Mister Adler was a Terra Sapien, a man whose ancestors evolved from humans thousands of years ago by living underground and feeding on burrowing creatures and insects. He and his tribe lived by the night and slept the sun away, their nocturnal vision matched with the sharpness of an owl. Mister Adler was selected to be a pioneer for the species-- the first of his kind to venture to the surface to discover what made humans tick. He masked his evolutionary differences with oversized clothes, people-watched at urban hubs like coffee shops and playgrounds, and bought produce in bulk to introduce to his brethren when it was time to return.

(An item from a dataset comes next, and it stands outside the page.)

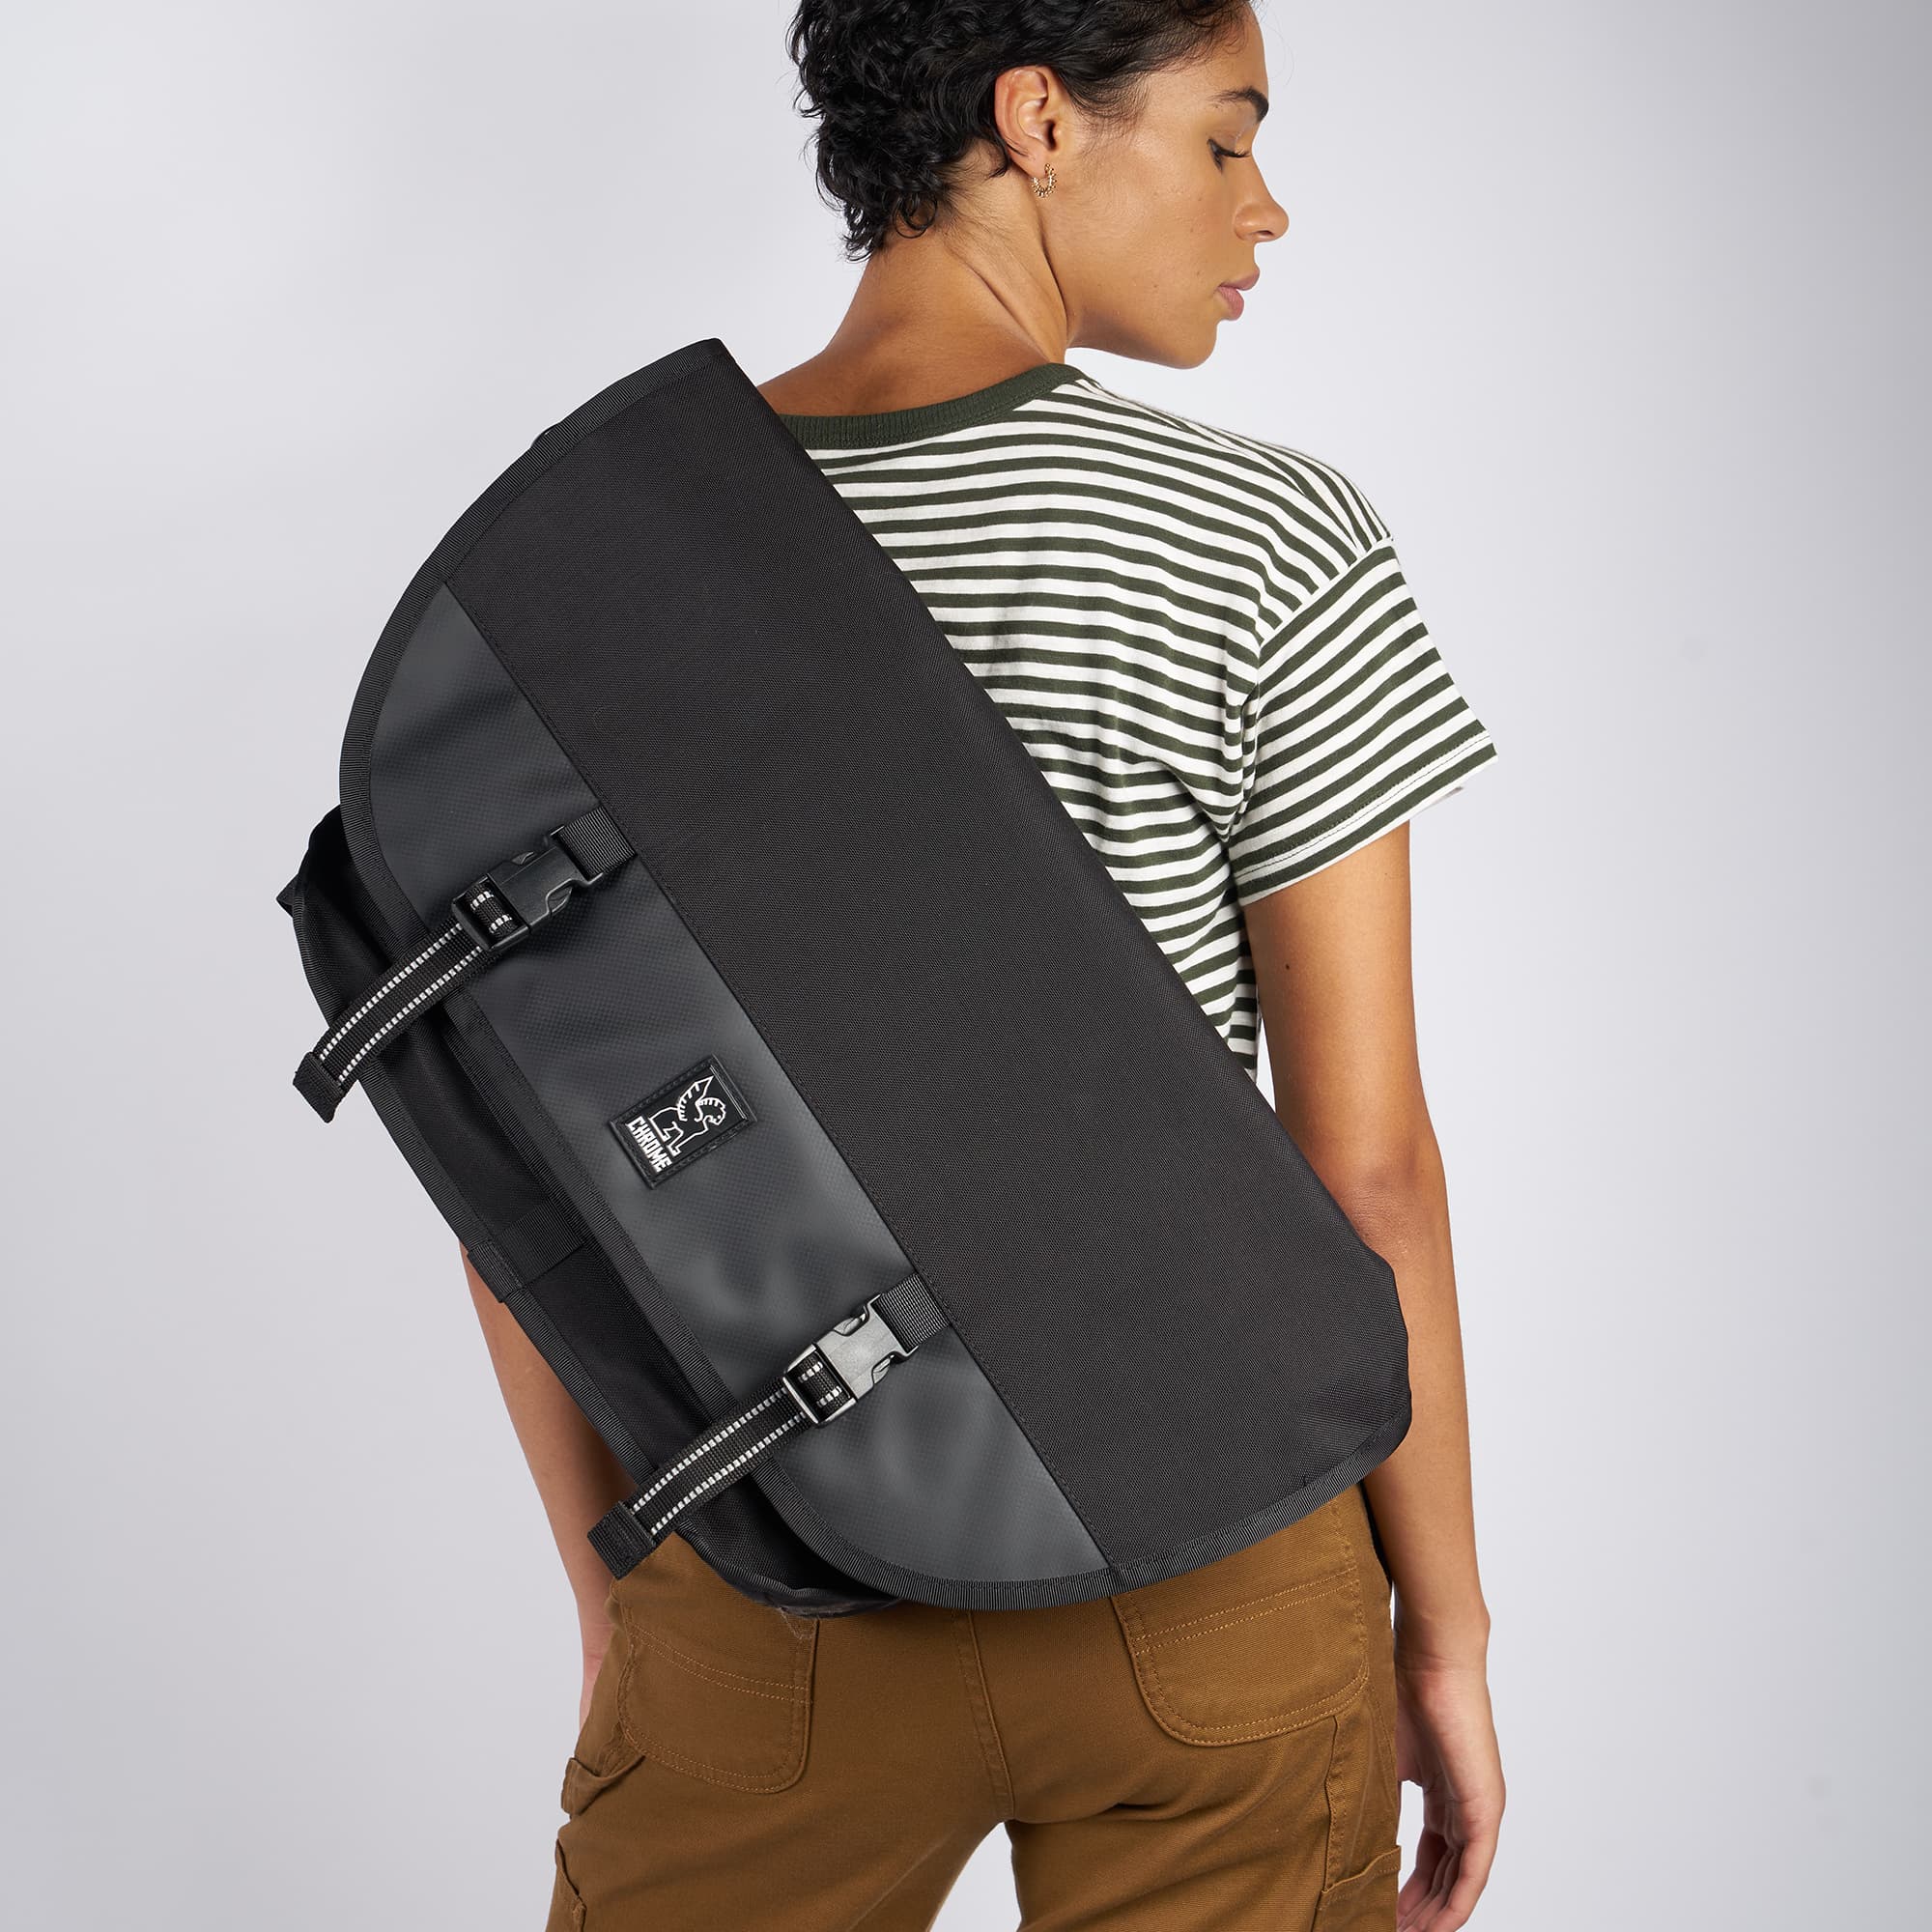 24L Citizen Messenger in black, back view on a woman

It suddenly all made sense. Such unfathomable information was making my head spin. It was thick, tangible like heavy fog, working its way into my ears like cotton snakes and clouding my brain until it was choking for oxygen. For a second I thought I’d been drugged because the next thing I knew Mister Adler was guiding me into a chair and checking to make sure I was conscious.

“It’s okay,” He repeated again. “Everyone promised they mean no harm if you keep this to yourself.”

I nodded, not evening thinking about the magnitude of what I’d just done. Mister Adler kept staring at me with his multi-colored eyes. One blue judge and one green.

He was a man of many mysteries, yes indeed.